A Modeling Strategy Using Bayesian Optimization with POMDP for Exploration and Informative Path Planning of UAVs in Monitoring of Forest
Marcela Ap. Aniceto dos Santos, Kelen Cristiane Teixeira Vivaldini · 2022
Unmanned Aerial Vehicles (UAVs) have been used for several applications in monitoring complex and unknown environments. The challenge is to plan missions for the UAV in situations where the vehicle needs to visit and explore an area and analyze it in real-time to define the route to be followed. This visit occurs with the search area's maximization from the definition of the trajectories, making it possible to collect information to acquire knowledge about the environment and provide a map. This type of problem is known as Informative Path Planning (IPP) and Autonomous Exploration (AE).

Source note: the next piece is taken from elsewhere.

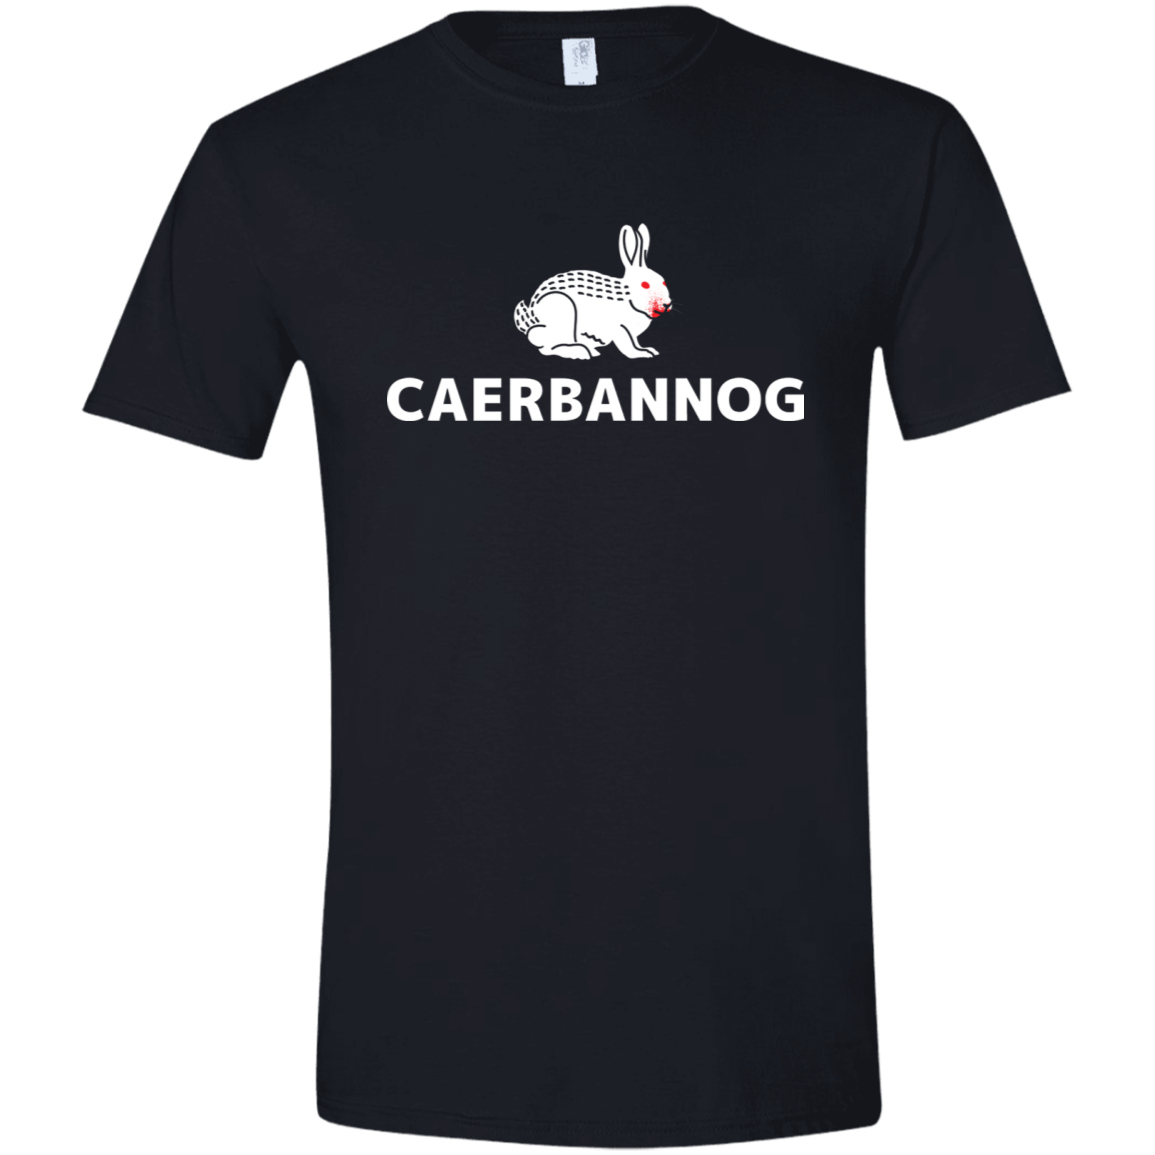 T-Shirts Black / X-Small Caerbannog Men's Semi-Fitted Softstyle

In this context, Bayesian Optimization (BO) has been adopted. Moreover, there is a need to define the planning for decision-making based on information about the environment considering specific restrictions. Partially Observable Markov Decision Processes (POMDP) can be used to define the planner responsible for the decision-making. Therefore, considering these methods and the strategy of exploring the environment in a continuous 3D space, this paper proposes a development of a modeling strategy that is exploration and informative path planning using Sequential Bayesian Optimization with POMDP in forest monitoring with Canopy gap. A sequential decision-maker was developed under uncertainty based on the Sequential Bayesian Optimization approach with Partially Observable Markov Decision Process (BO-POMDP).